Image: The cosmic microwave background as seen by the European Space Agency’s Planck satellite. Credit: ESA and the Planck Collaboration
The photo above is quite common among astronomers and astrophysicists. It depicts what is known as the cosmic microwave background (CMB), the very ancient light coming from the beginnings of our universe. It is supposed to be the leftovers of the grand explosion birthing our Universe, called the Big Bang.
When analyzing the expansion of the universe, astrophysicists imagined that the expansion could be rewinded, just like a film, and that this backward movement would show the collapse into a singularity. Together with the astronomical observations of the CMB radiation, they concluded that the universe had to be flat. But recent observations with better precision are showing a different picture. An anomaly in data from the best-ever measurement of the CMB is offering solid (although not yet conclusive) evidence that the universe is closed, and in order to be closed, it would curve gently on itself.
In order to understand the difference between both kind of flatness—that of a flat sheet kept strait, or a flat sheet bended—in both cases the surface seems flat at short distances, but at very long distances, the curvature of the second case will affect and manifest different effects. For instance, two photons could cross at some point when travelling along parallel trajectories. The topology or curvature of a surface plays a crucial role in all that exists within.
As most of the calculations are done considering a flat universe, huge amounts of recalculations would have to be done in order to fine tune the physics concerned.
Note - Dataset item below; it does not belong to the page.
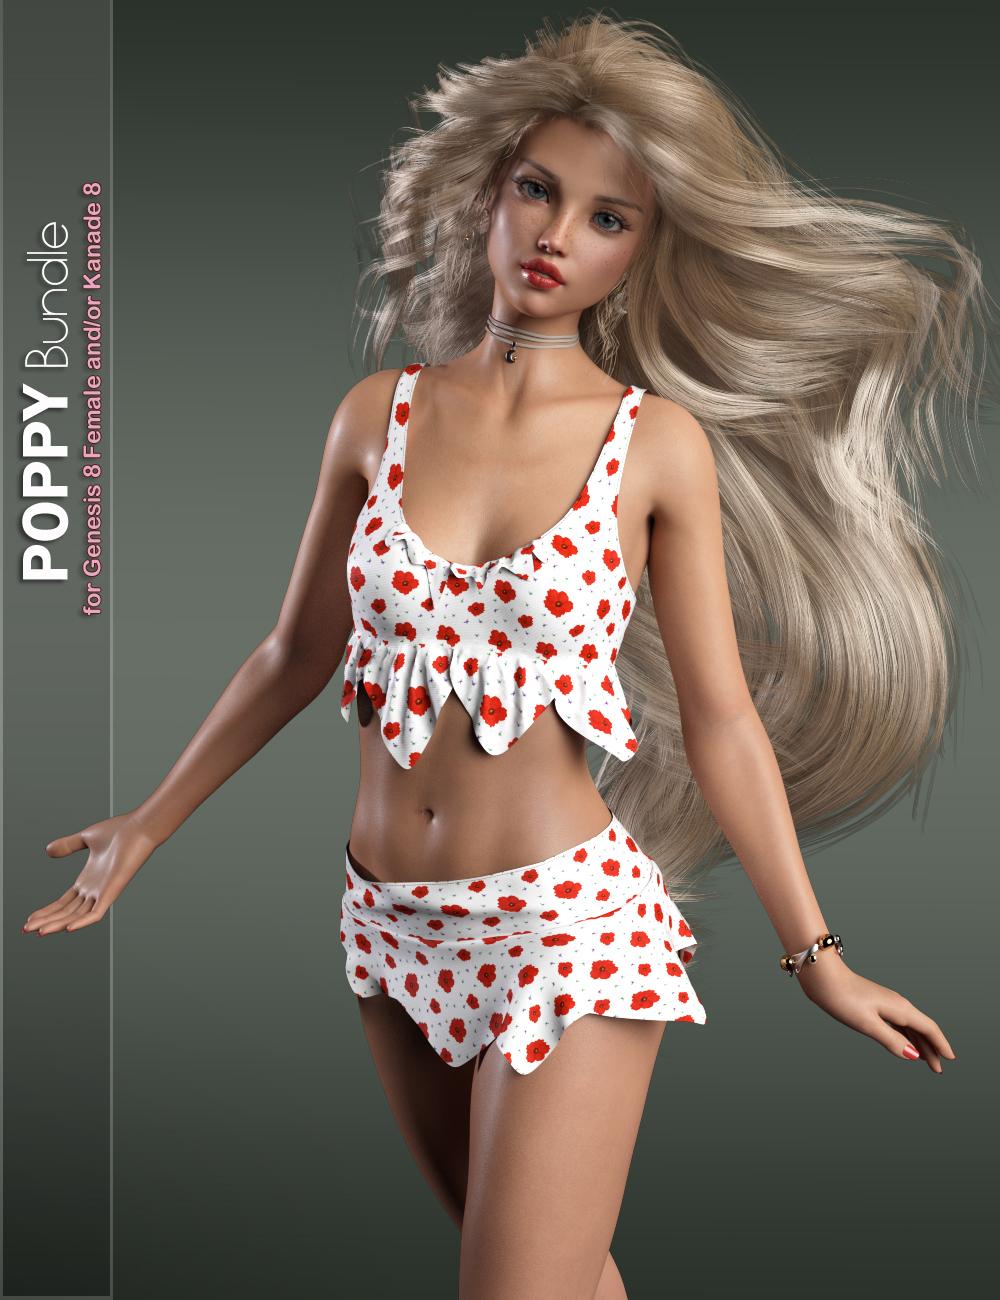 Poppy Bundle by: P3DesignValery3Di3D_Lotus, 3D Models by Daz 3D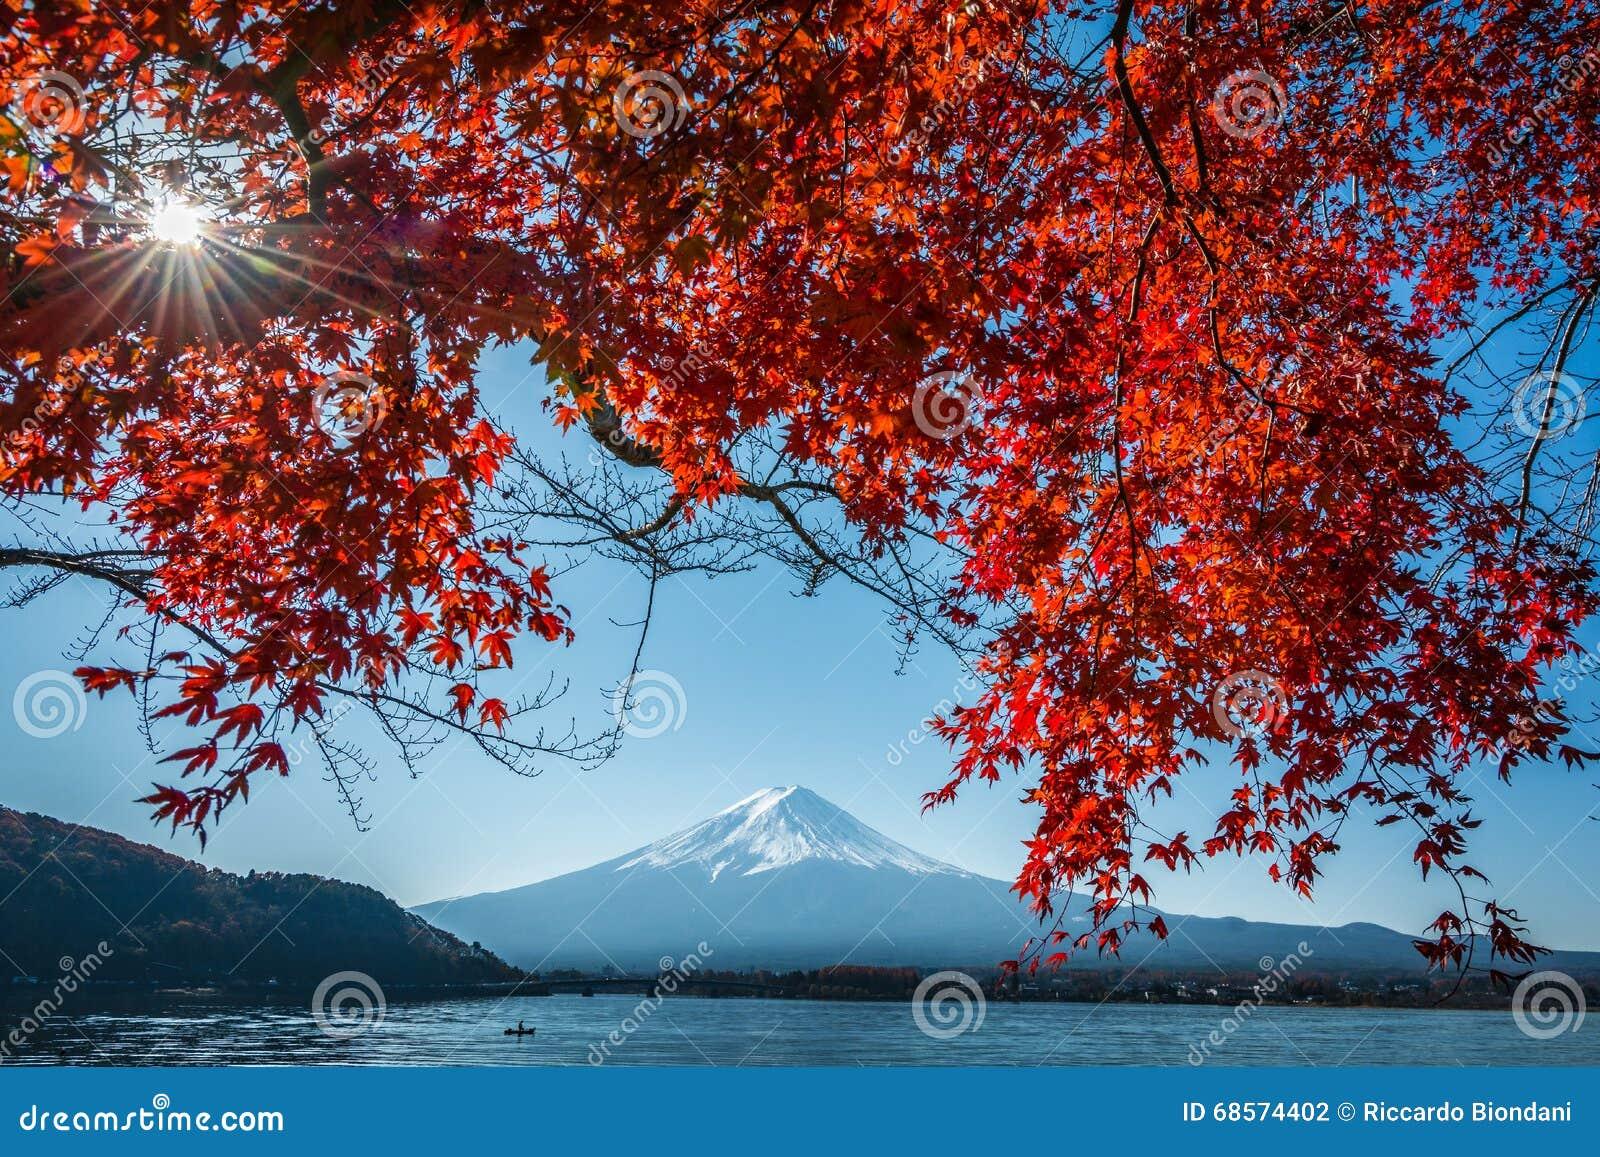 Japan zet het Meer Autumn Postcard View van Fuji en Kawaguchiko-met Esdoorn op de Rode Kleur doorbladert

And it seems to be necessary, as according to the latest data, there’s significantly more gravitational lensing of the CMB than expected, and this could be explained by inserting a positive curvature for the universe instead of a flat one.
Results were drawn upon data coming from a 2018 release of the Planck experiment—a European Space Agency (ESA) experiment to map the CMB in more detail—and they were published in Nature Astronomy this month.
RSF in Perspective
The image appearing in the book Gravitation, where the universe is depicted as a balloon which is being inflated and by doing so the galaxies on the surface of the balloon would separate from each other progressively, could be closer to our reality than expected. That being the case, then in Nassim Haramein’s view, the pertinent question is, “Who is the guy inflating the balloon?” If for all action there is an equal and opposite reaction, then where is the force equivalent to the lungs of the guy blowing the balloon? Haramein’s holographic theory shows that mass and forces emerge from the quantum vacuum or vacuum fluctuations, giving an elegant and simple answer to that question. Additionally, when including torque and Coriolis forces in Einstein’s Field Equations, Nassim Haramein obtains a modified and corrected topology for the universe, depicted as a double torus, which is a double “loop back on itself” configuration. The double torus configuration is crucial to understanding the dynamics of the universe as a feedback-feedforward mechanism! The results presented in this article head in the direction of Haramein’s model of the universe.